Gustavson presided over a 65-square-mile zone of government land, or "crown land," where he has an exclusive right to trap marten, lynx, beaver, coyotes and wolves. As he has perfected his pursuit of wolves, he says, his respect for the predators has grown.

"There's the image of the wolf as terrible," adds Gustavson's wife Elsie, who recalls exiting the cabin after a quiet night and finding fresh wolf tracks in the snow outside the front door. "But there's also the wolf that's beautiful and wonderful."

There's also the wolf that's smart. Sometimes when checking his snares - up to 100 surrounding a bait station loaded with road-killed deer, elk or moose - Gustavson finds the footprints of a wolf that walked up to a snare, took a look or a sniff, and then backed up and went another direction.
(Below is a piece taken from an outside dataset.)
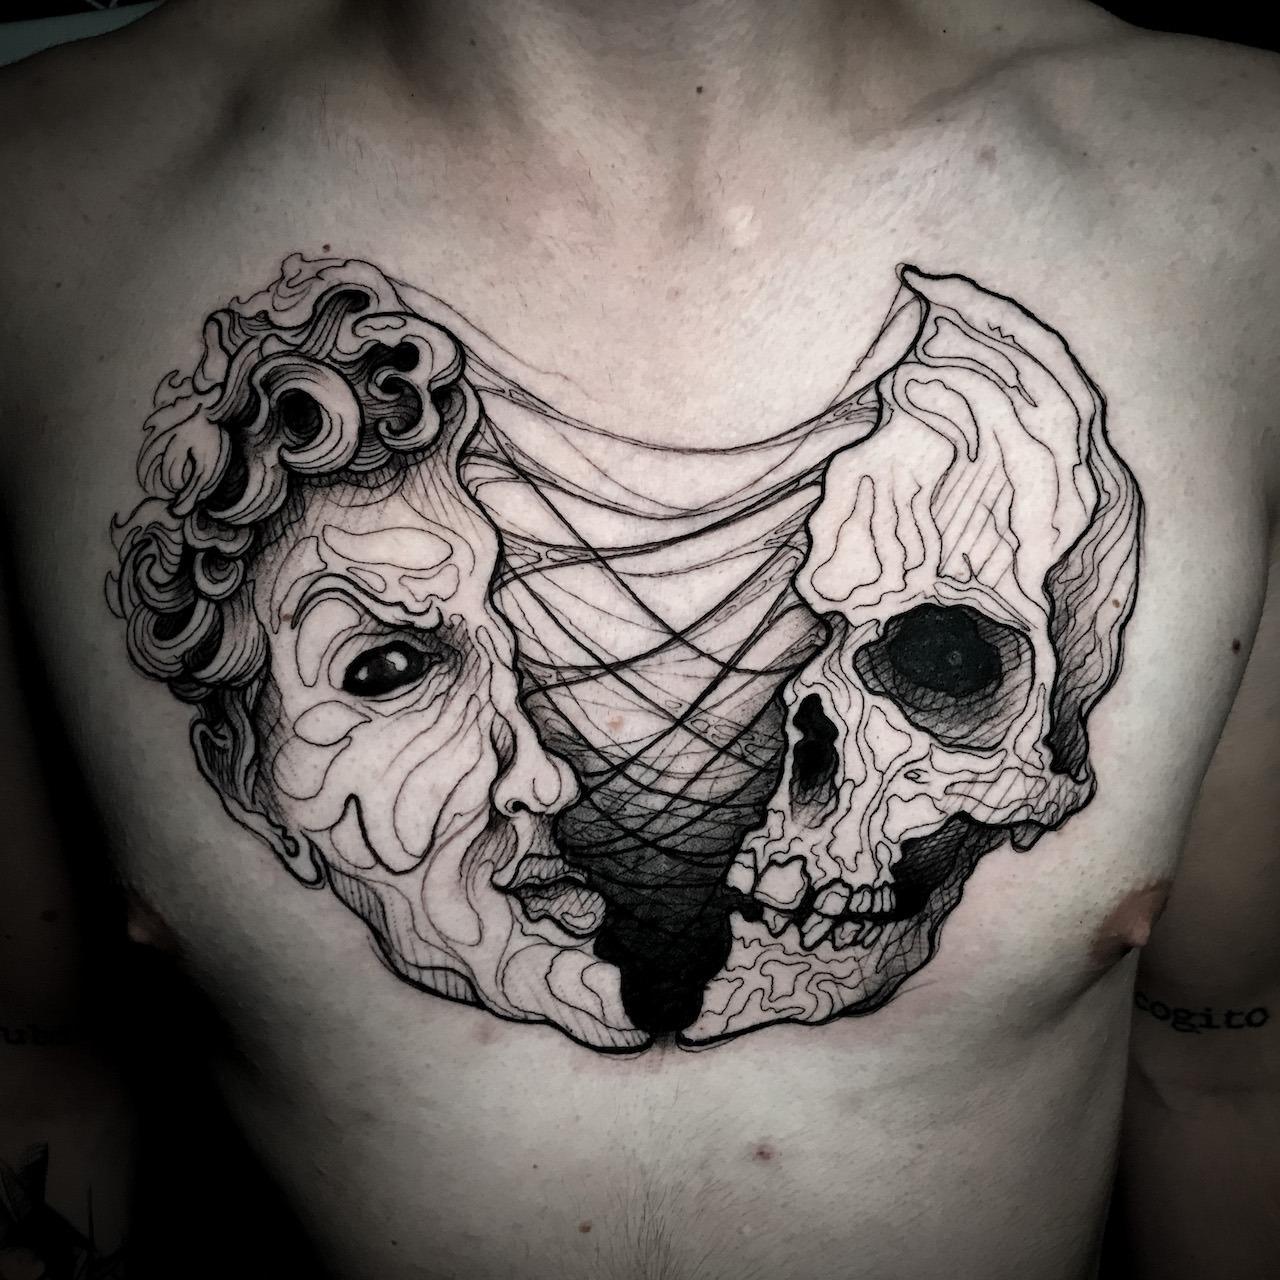 Tatuaż Czaszka od Koszeli

"They're finicky animals," he says. "Some guys have aftershave or deodorant or whatever. It all smells different to a wolf and it's all going to make them nervous."

If wolves had been exterminated from the Canadian backcountry, as they were in the American West, Gustavson would have wanted them brought back.

But - "and this is a big but'' - he says they must be controlled through trapping, hunting or other means.

"I'd want them around, but I sure wouldn't want them around if they weren't going to be kept honest," Gustavson says.

Trappers do not catch many wolves - last year they took 399 throughout the whole of Alberta, which has an estimated wolf population of about 4,000. But by nabbing some, he says, the 82 active trappers in the region keep the rest on guard.